The more important aspect of muscle building is: having a well-designed resistance training program, eating a high-calorie diet rich in protein, and ensuring you’re getting 8+ hours of sleep each night.
Creatine alone doesn’t build muscle and you don’t need it to build muscle. Only once incorporated alongside resistance training and recovery protocols like nutrition and sleep, will you see the benefit of creatine supplementation.
Below I’m going to discuss how to build muscle without creatine supplementation, as well as when it may be worthwhile to consider to expedite your goals. Here’s what I’ll cover:
- What Is Creatine & How Does It Work?
- Is Creatine Necessary For Muscle Growth?
- Does Creatine Help You Build Muscle Faster?
- Valid Reasons NOT To Take Creatine
- 5 Things To Do To Build Muscle Without Creatine
- When To Start Considering Supplementing With Creatine
What Is Creatine & How Does It Work
Creatine is an amino acid that your body produces naturally, with 95% stored in your muscles and the rest found in your brain and renal system (kidneys & bladder).
When you use creatine supplements, you elevate creatine stores in your muscles to a point of complete saturation, which means that your muscles are full of creatine and wouldn’t be able to handle any more.
These creatine stores are then used to produce a form of energy currency that helps the body perform better. Through this process you are able to work harder and require less recovery during your training sessions, promoting proven strength gains and lean muscle growth.
- Learn more about creatine in the article Most Common Types of Creatine.
But, Is Creatine Necessary For Muscle Growth?
Creatine isn’t necessary for muscle growth.
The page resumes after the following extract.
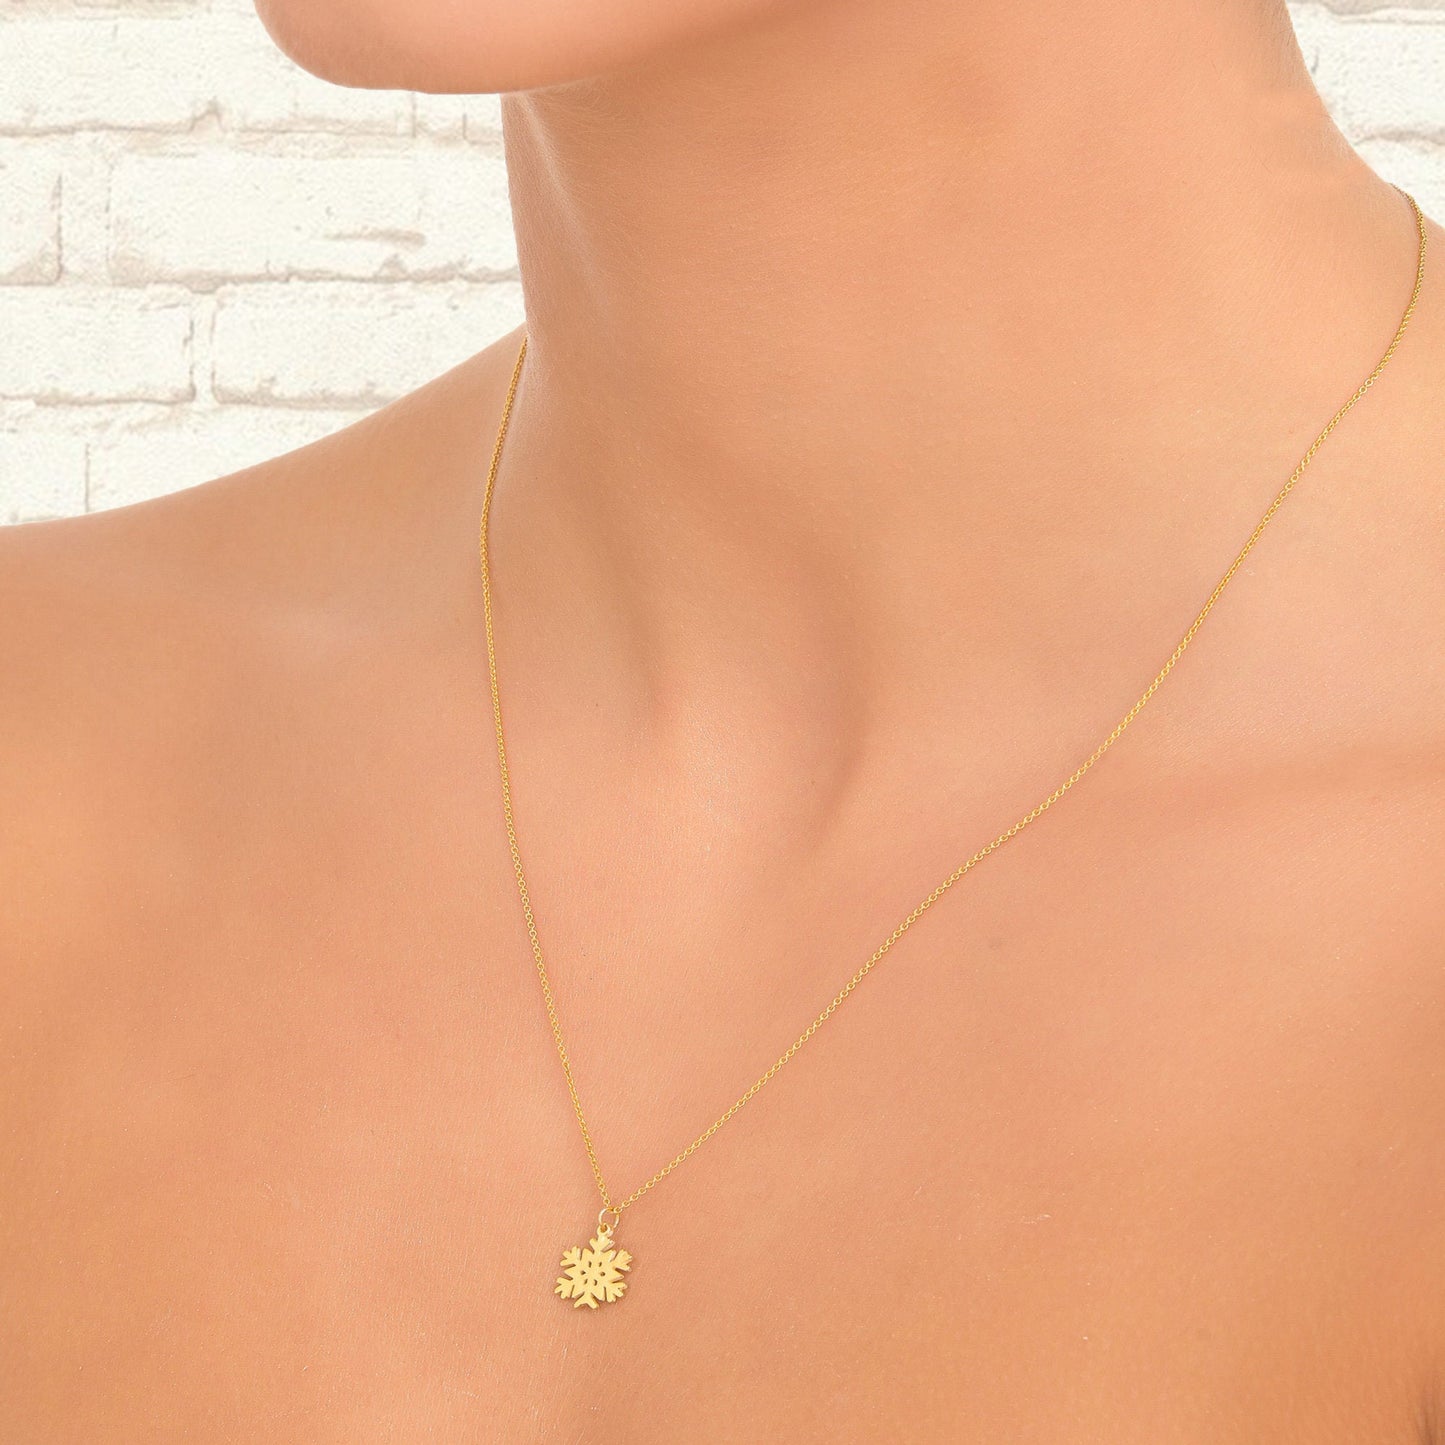 Snowflake Necklace, Dainty Snowflake Necklace, Solid Gold Snowflake Necklace, Winter Jewelry 14k gold necklace layered necklace gift for her

In fact, many people for many years have successfully built muscle and become stronger without using supplements like creatine.
A lot of people focus on supplementing with creatine before they’ve got a handle on other components of their training that have a more important role in promoting muscle growth.
These are things like:
- Resistance training
- Nutrition
- Sleep
Let’s discuss each of these in more detail below.
Resistance Training
Resistance training is where you’re using resistance (dumbbells, barbells, machines, etc.) against muscle contraction to build its strength and size.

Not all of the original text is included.